Les deux dernières recommandations du rapport vont faire plaisir aux associations de malades car elles préconisent que sur la base de cas cliniques, "on puisse définir une offre thérapeutique initiale permettant de traiter les patients affectés par une symptomatologie somatique persistante, et garantir son remboursement par la sécurité sociale". Ce qui est loin d’être le cas aujourd’hui . Une situation qui pousse de nombreux malades, notamment en Moselle Est ou dans les Vosges qui recensent le plus grand nombre de personnes piquées par les tiques ( plus de 5000 par an en Grand-Est) , à aller se faire soigner de l’autre côté de la frontière chez nos voisins allemands, pour des sommes parfois exorbitantes.
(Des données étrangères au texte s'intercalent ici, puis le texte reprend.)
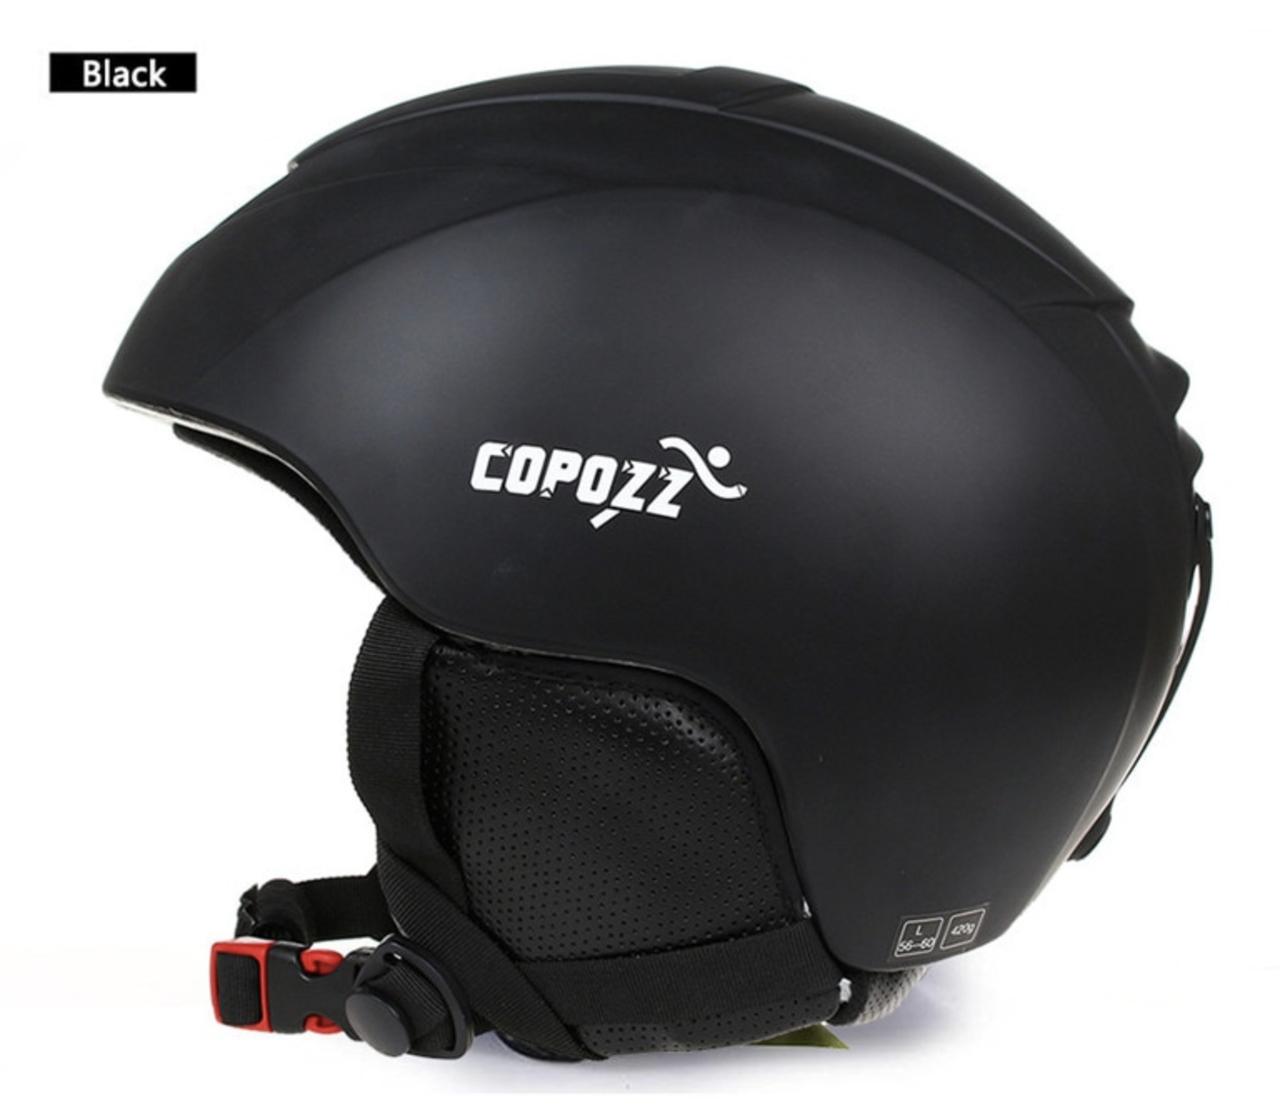 Горнолыжный / сноубордический шлем COPOZZ  (BLACK) (М)

Pour Nicole Trisse, "la France doit pouvoir proposer un parcours de soin et une prise en charge digne de ce nom aux malades de Lyme ou de quelconque maladies vectorielle véhiculée par les tiques" ( car il y a d’autres maladies que la borréliose…). Une prise en charge psychologique lui parait également indispensable pour permettre aux patients de retrouver une vie normale. Car les symptômes parfois divers, diffus et pourtant très invalidants, finissent par avoir un effet délétère sur le mental.
Elle rappelle l’urgence de la situation qui coûte déjà très cher au système de santé, entre l’errance médical et les arrêts maladie pour ceux qui ont des problèmes graves neurologiques. Plus de 900 personnes ont été hospitalisées dans ce cadre en 2019, pour notamment des problèmes cardiaques.
Nisole Trisse a reçu l’assurance du Président Emmanuel Macron pour le financement de recherches sur les maladies vectorielles et s’en réjouit. Des groupes de travail se basant sur le rapport devraient avoir lieu dès l’automne.